この後のことは、あまりよく覚えていない。バンド演奏は、相手の持つリズムや、やろうとしていることを予測 & 聴いて、それに合わせていくことで、全体でグルーヴで作っていく。競馬に例えれば、騎手と馬のような関係じゃないかと、個人的に思うのだが、この日の僕はおそらく、落馬しそうになりながら、必死に馬にしがみついている騎手のような演奏だったと思う。

「イーグルス / ホテル・カリフォルニア」を、開き直って、自分の知っているロックのニュアンスで弾いたあたりから、なんとなく落ち着いてきたのは覚えている。

そして最後の曲、「ジャコ・パストリアス / ザ・チキン」で、なんとかその日の営業は終わった。
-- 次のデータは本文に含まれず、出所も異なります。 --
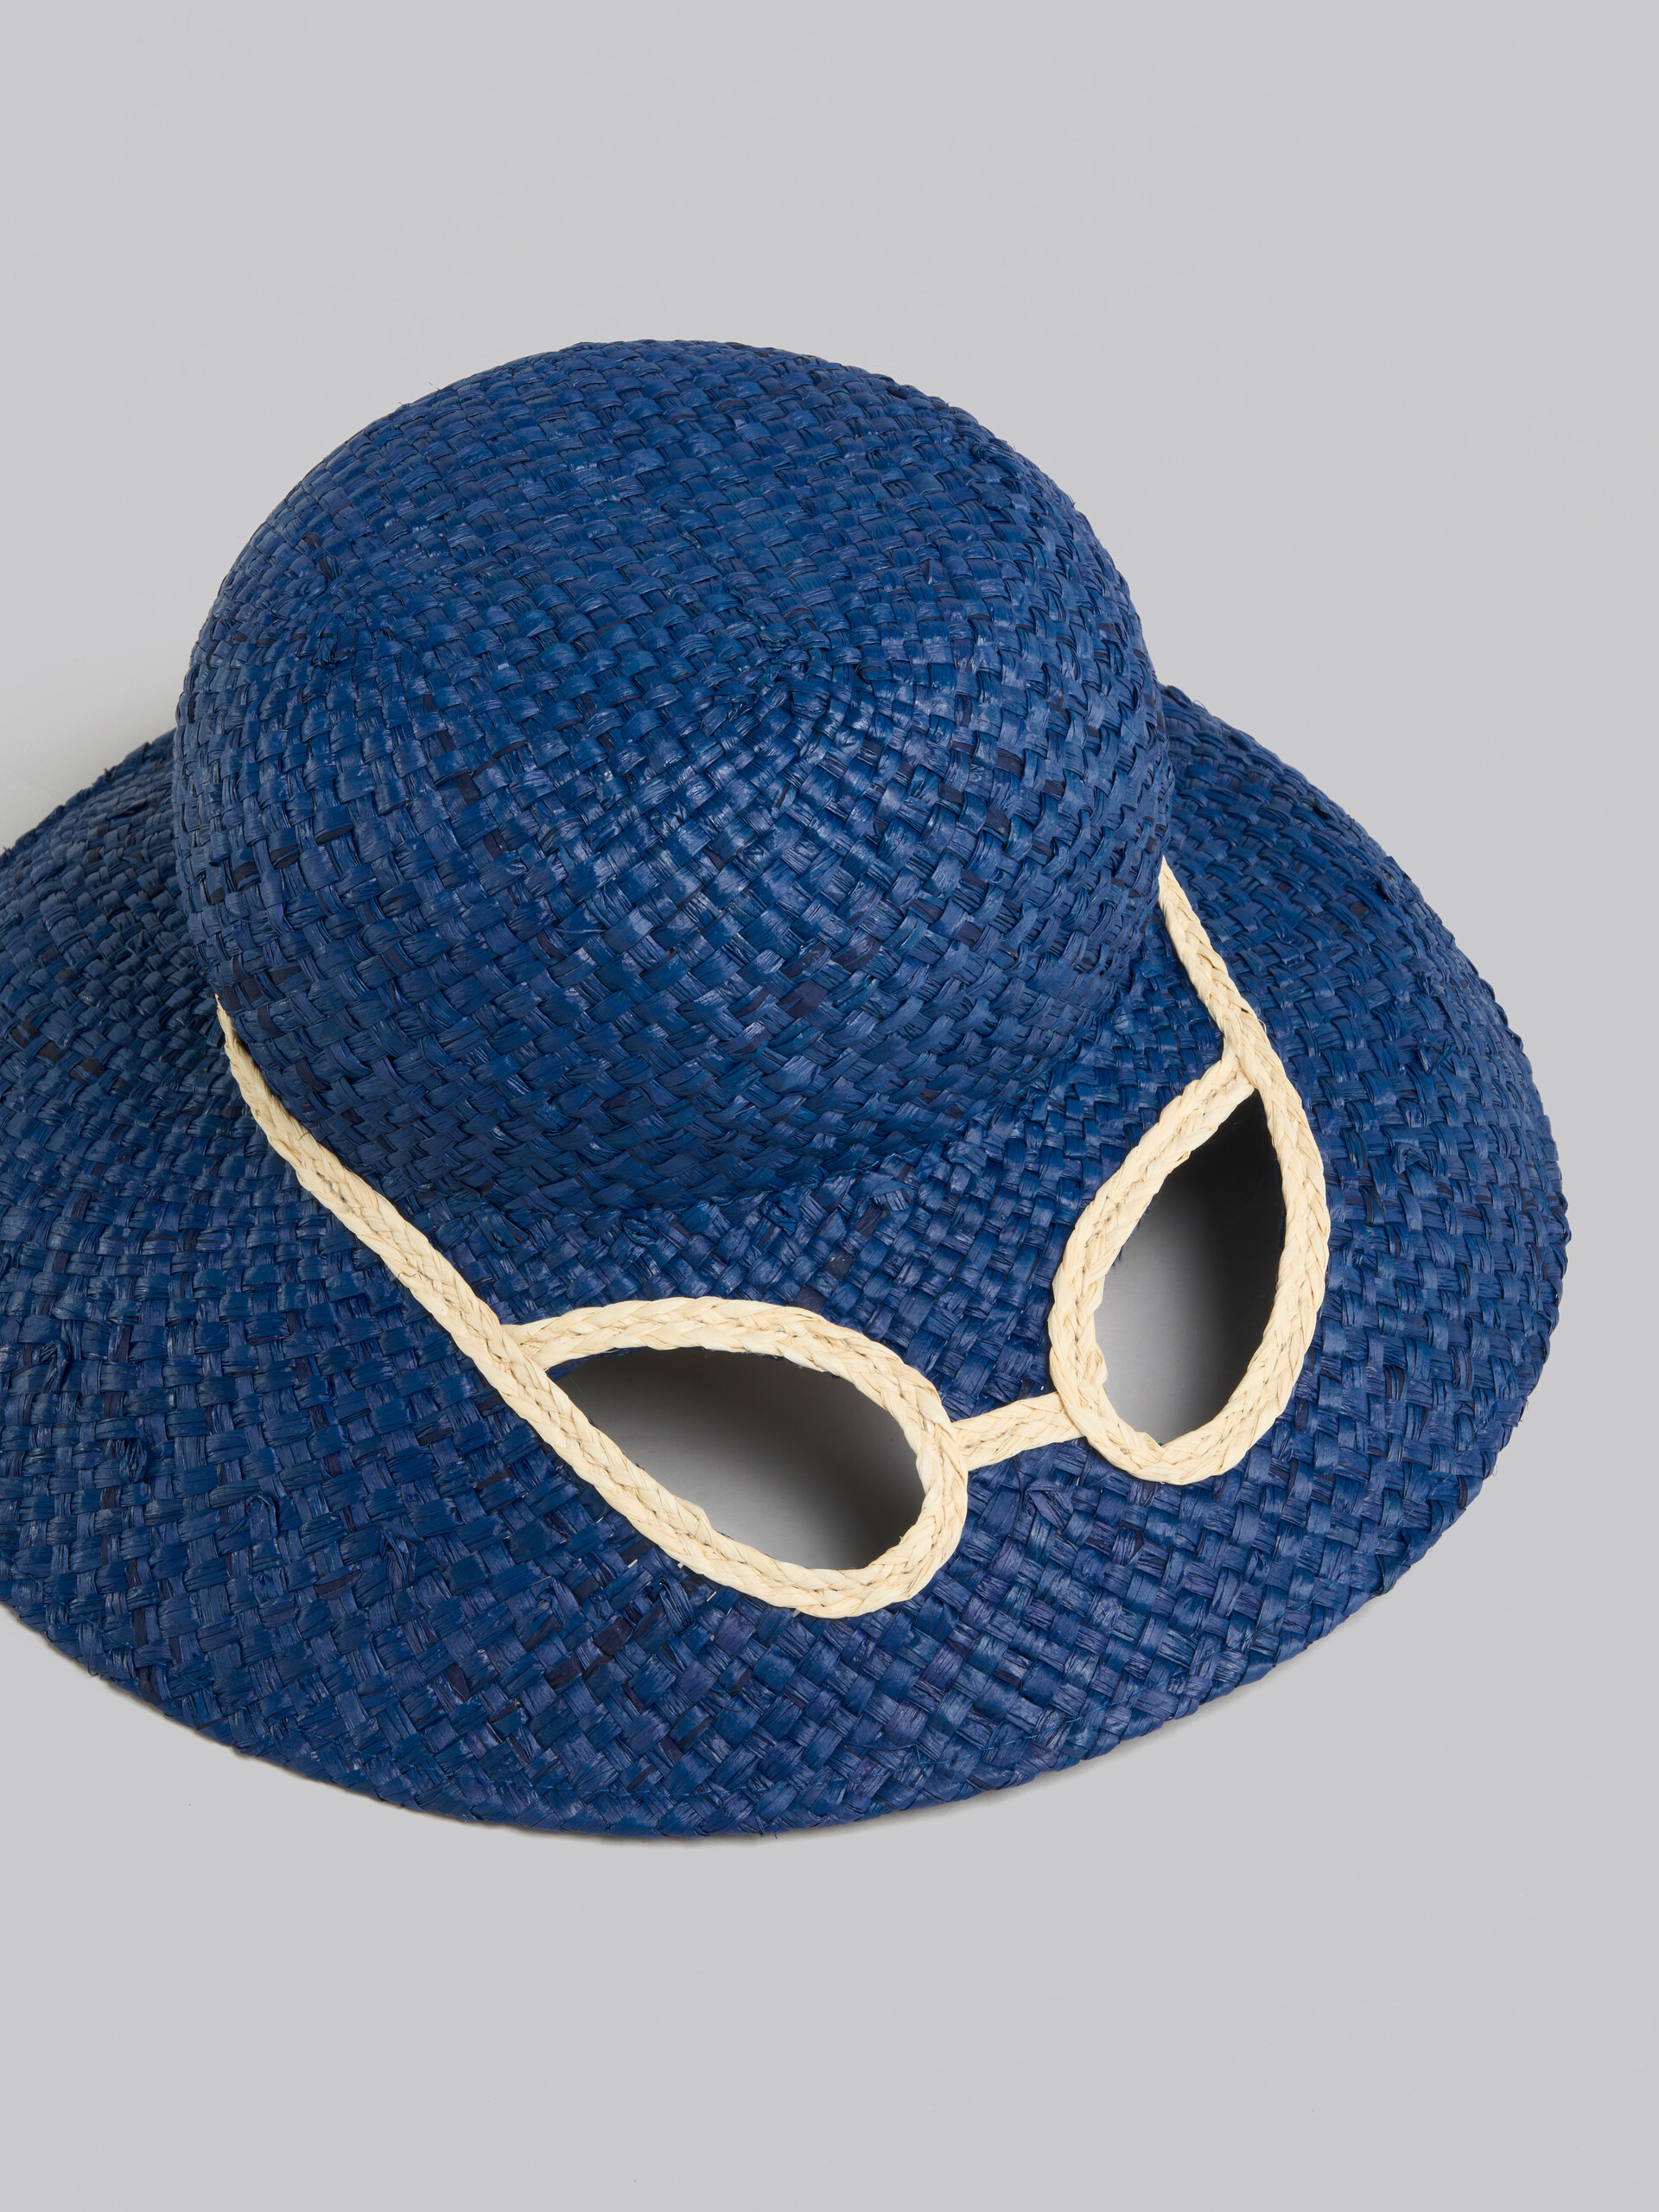 Marni x No Vacancy Inn - Blue hat in raffia with cut-outs - Hats - Image 4

無事だったかどうかは分からない。思ったよりも、時間が短く感じた。

「お疲れ様。最初は皆そんな感じです。これから頑張っていきなさい。」と、お店のマスターから、労いの言葉をいただいた。

ドラムの方からは、思いの他、初めてにしてはリズム感が良かったことを評価していただき、「あとはキーのトランス(移調)だね」と言ってくださった。

これからどう頑張ろうとか、考える気力はなく、とにかくホッとした。早朝の電車に乗って家に帰宅して、何もやる気がなくそのまま眠った。

このお店で演奏すると、当時は「ジャズ・ライフ」という雑誌の、ライブ・インフォメーションに、演奏者の名前が載った。あまり人には言っていなかったけれど、何人かの教えた方々は、この雑誌に僕の名前が載ったことをすごく喜んでくれた。